Saha Udit Surya, Vendruscolo Michele, Carpenter Anne E, Singh Shantanu, Bender Andreas, Seal Srijit
Department of Chemistry, University of Cambridge, UK.
Broad Institute of MIT and Harvard, Cambridge, MA, US.
bioRxiv. 2024 Jul 4:2024.07.02.601740. doi: 10.1101/2024.07.02.601740.
Recent advances in machine learning methods for materials science have significantly enhanced accurate predictions of the properties of novel materials. Here, we explore whether these advances can be adapted to drug discovery by addressing the problem of prospective validation - the assessment of the performance of a method on out-of-distribution data. First, we tested whether k-fold n-step forward cross-validation could improve the accuracy of out-of-distribution small molecule bioactivity predictions. We found that it is more helpful than conventional random split cross-validation in describing the accuracy of a model in real-world drug discovery settings. We also analyzed discovery yield and novelty error, finding that these two metrics provide an understanding of the applicability domain of models and an assessment of their ability to predict molecules with desirable bioactivity compared to other small molecules. Based on these results, we recommend incorporating a k-fold n-step forward cross-validation and these metrics when building state-of-the-art models for bioactivity prediction in drug discovery.

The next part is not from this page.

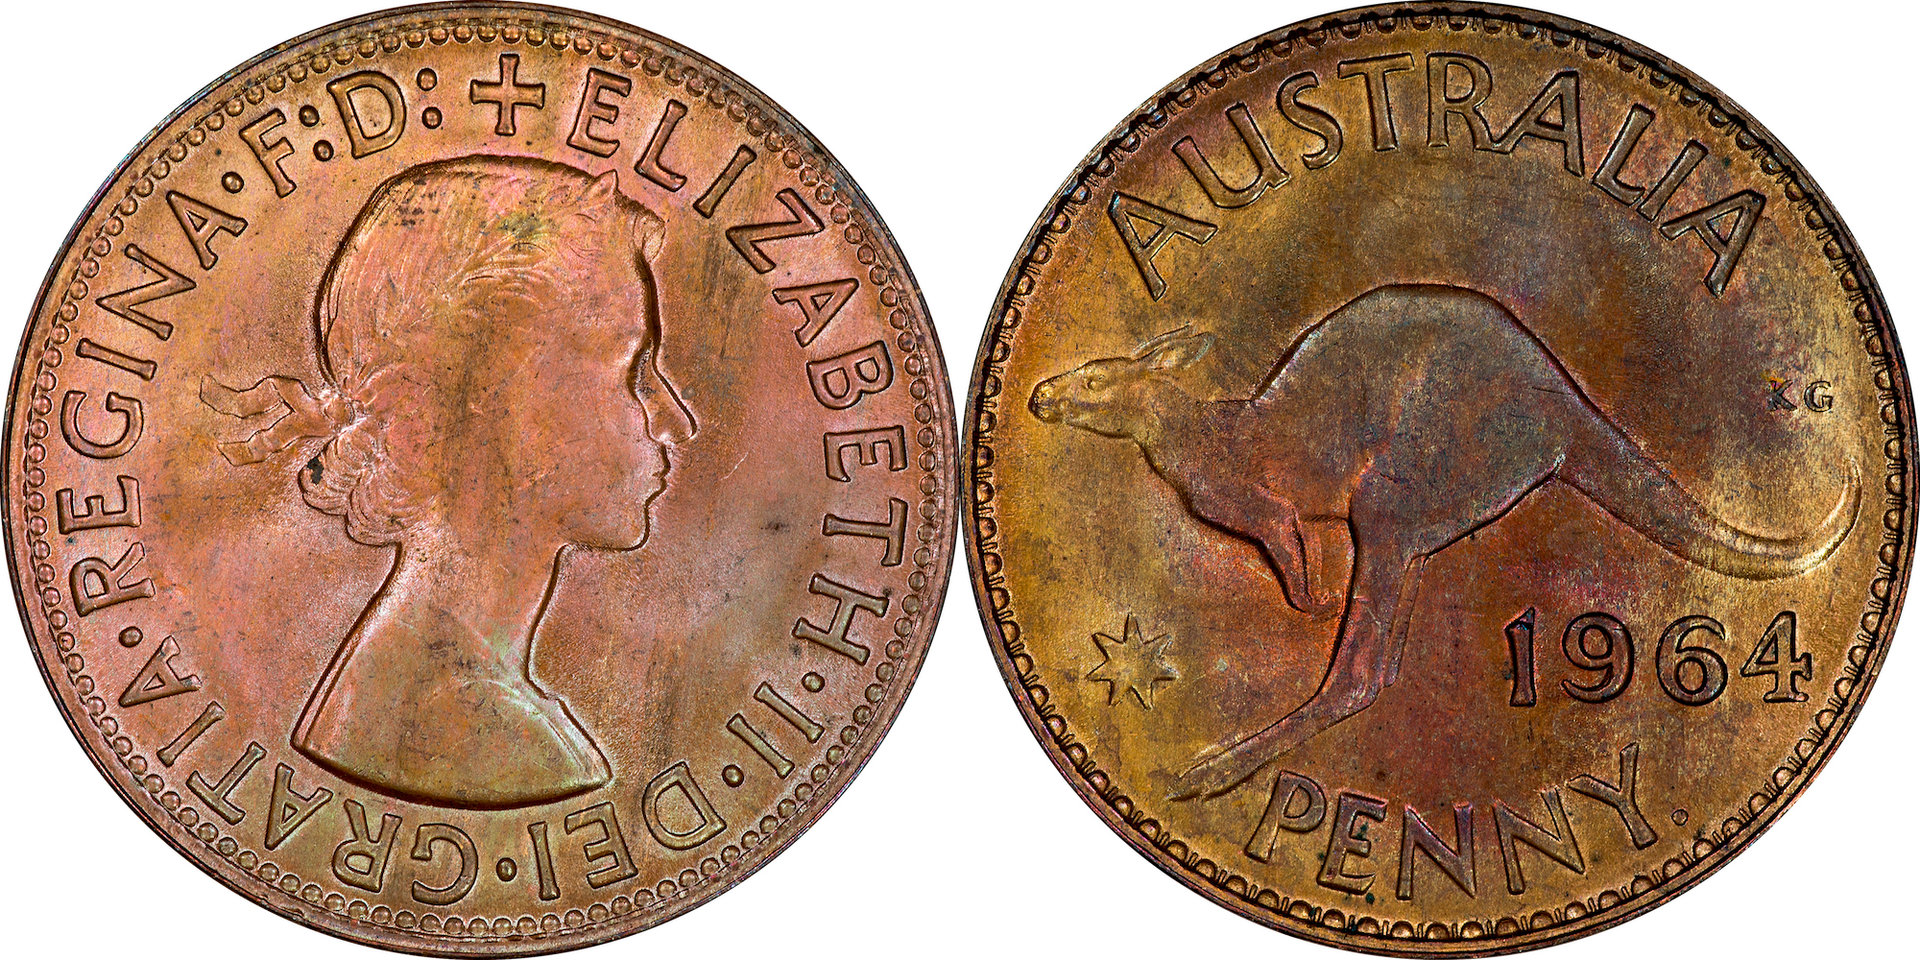 Australia - 1964 1 Penny.jpg
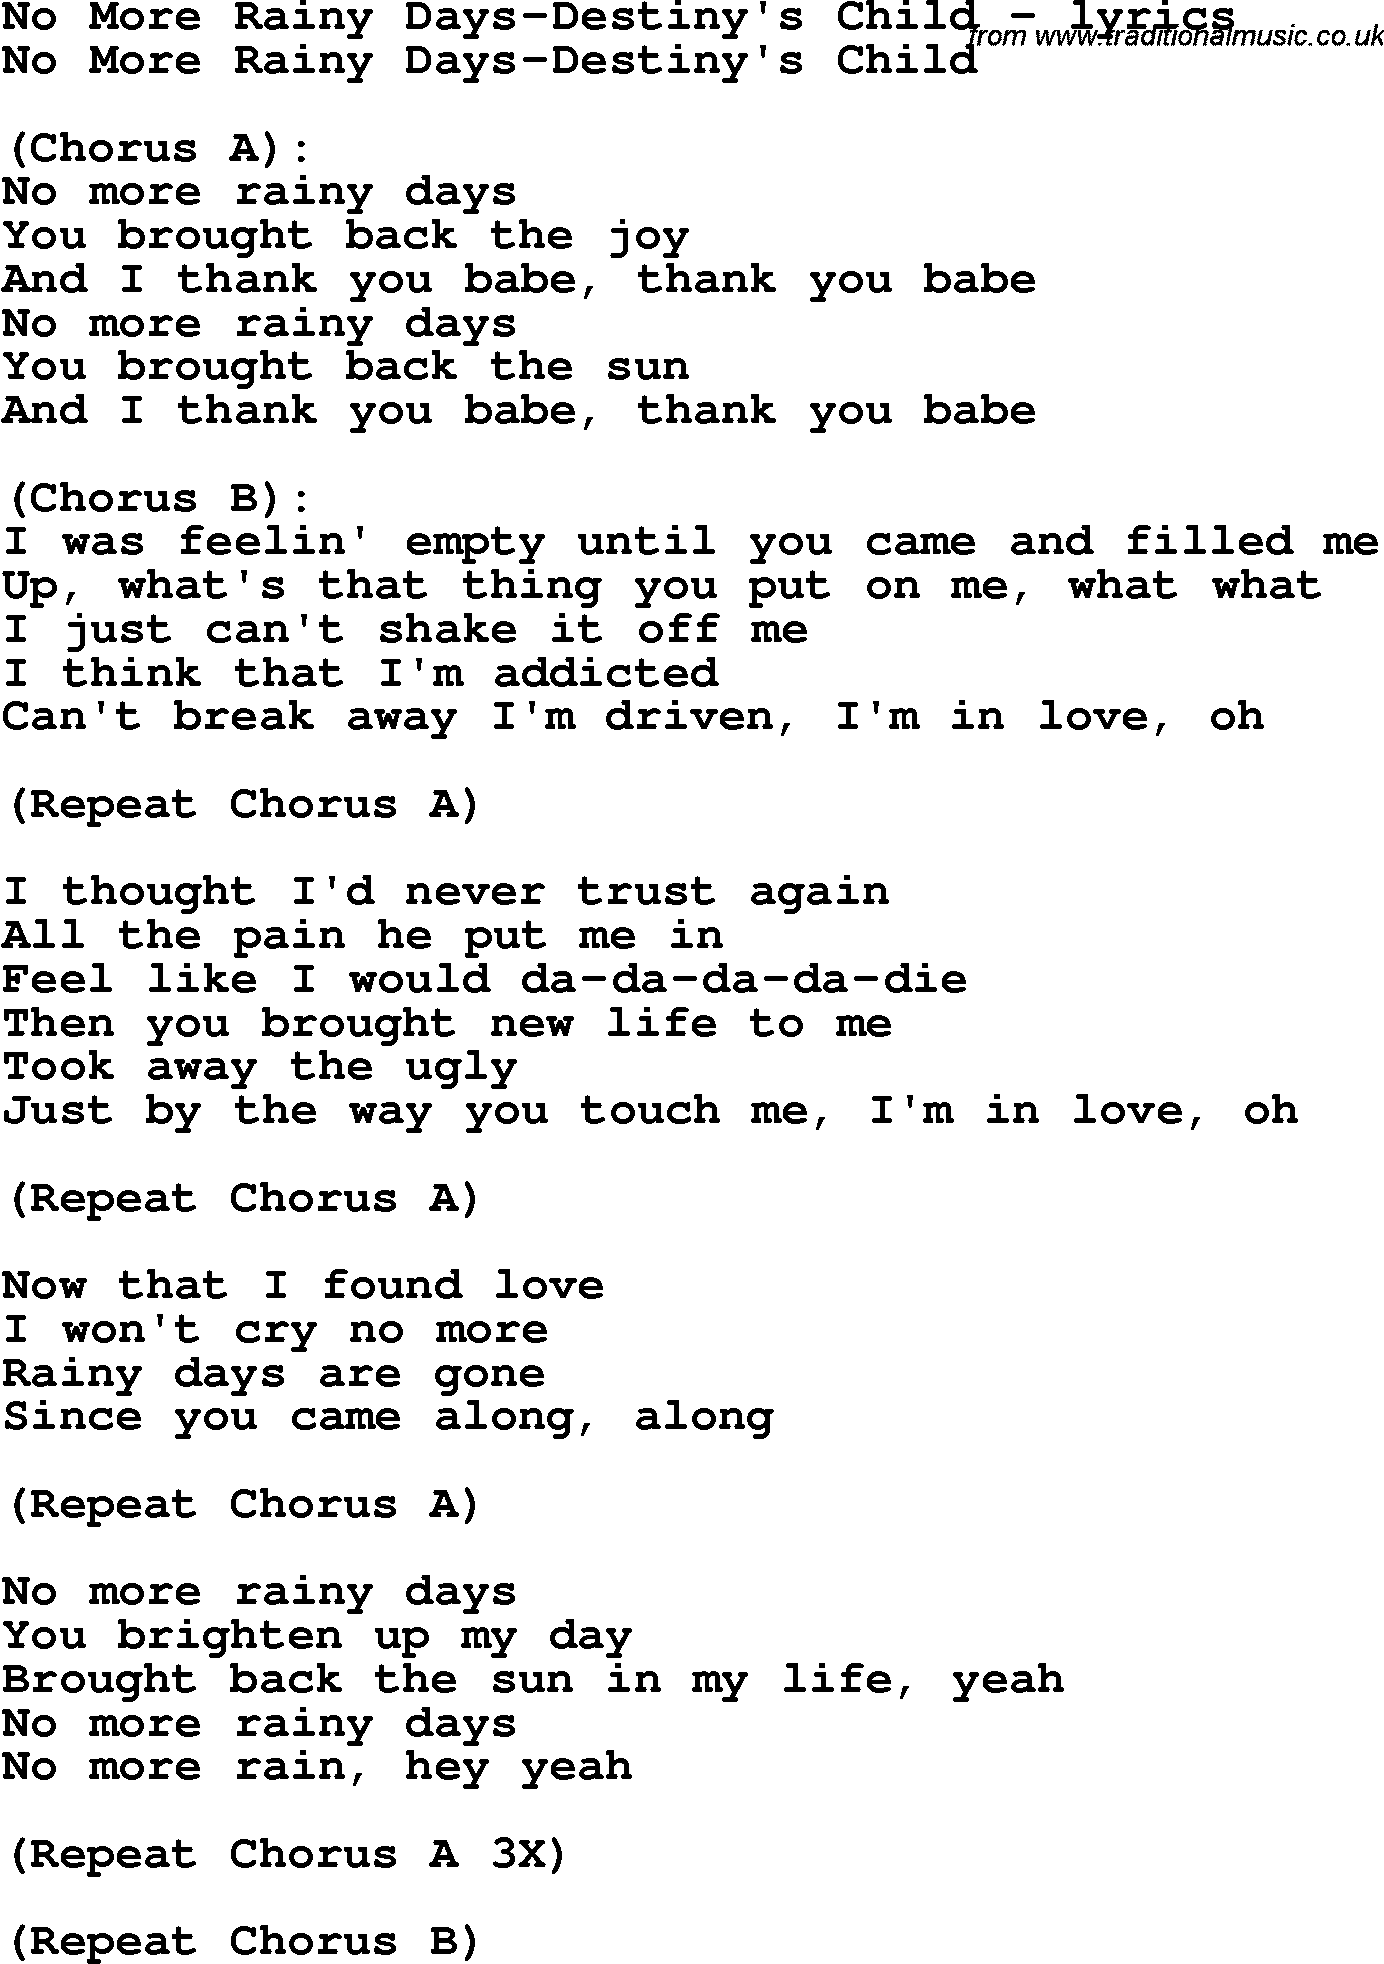 Love Song Lyrics For No More Rainy Days Destiny S Child

材料科学中机器学习方法的最新进展显著提高了对新型材料性能的准确预测。在此,我们探讨这些进展是否可通过解决前瞻性验证问题——评估一种方法在分布外数据上的性能——来应用于药物发现。首先,我们测试了k折n步向前交叉验证是否能提高分布外小分子生物活性预测的准确性。我们发现,在描述真实世界药物发现环境中模型的准确性方面,它比传统的随机分割交叉验证更有帮助。我们还分析了发现率和新颖性误差,发现这两个指标有助于理解模型的适用范围,并评估其与其他小分子相比预测具有理想生物活性分子的能力。基于这些结果,我们建议在构建药物发现中生物活性预测的先进模型时,纳入k折n步向前交叉验证和这些指标。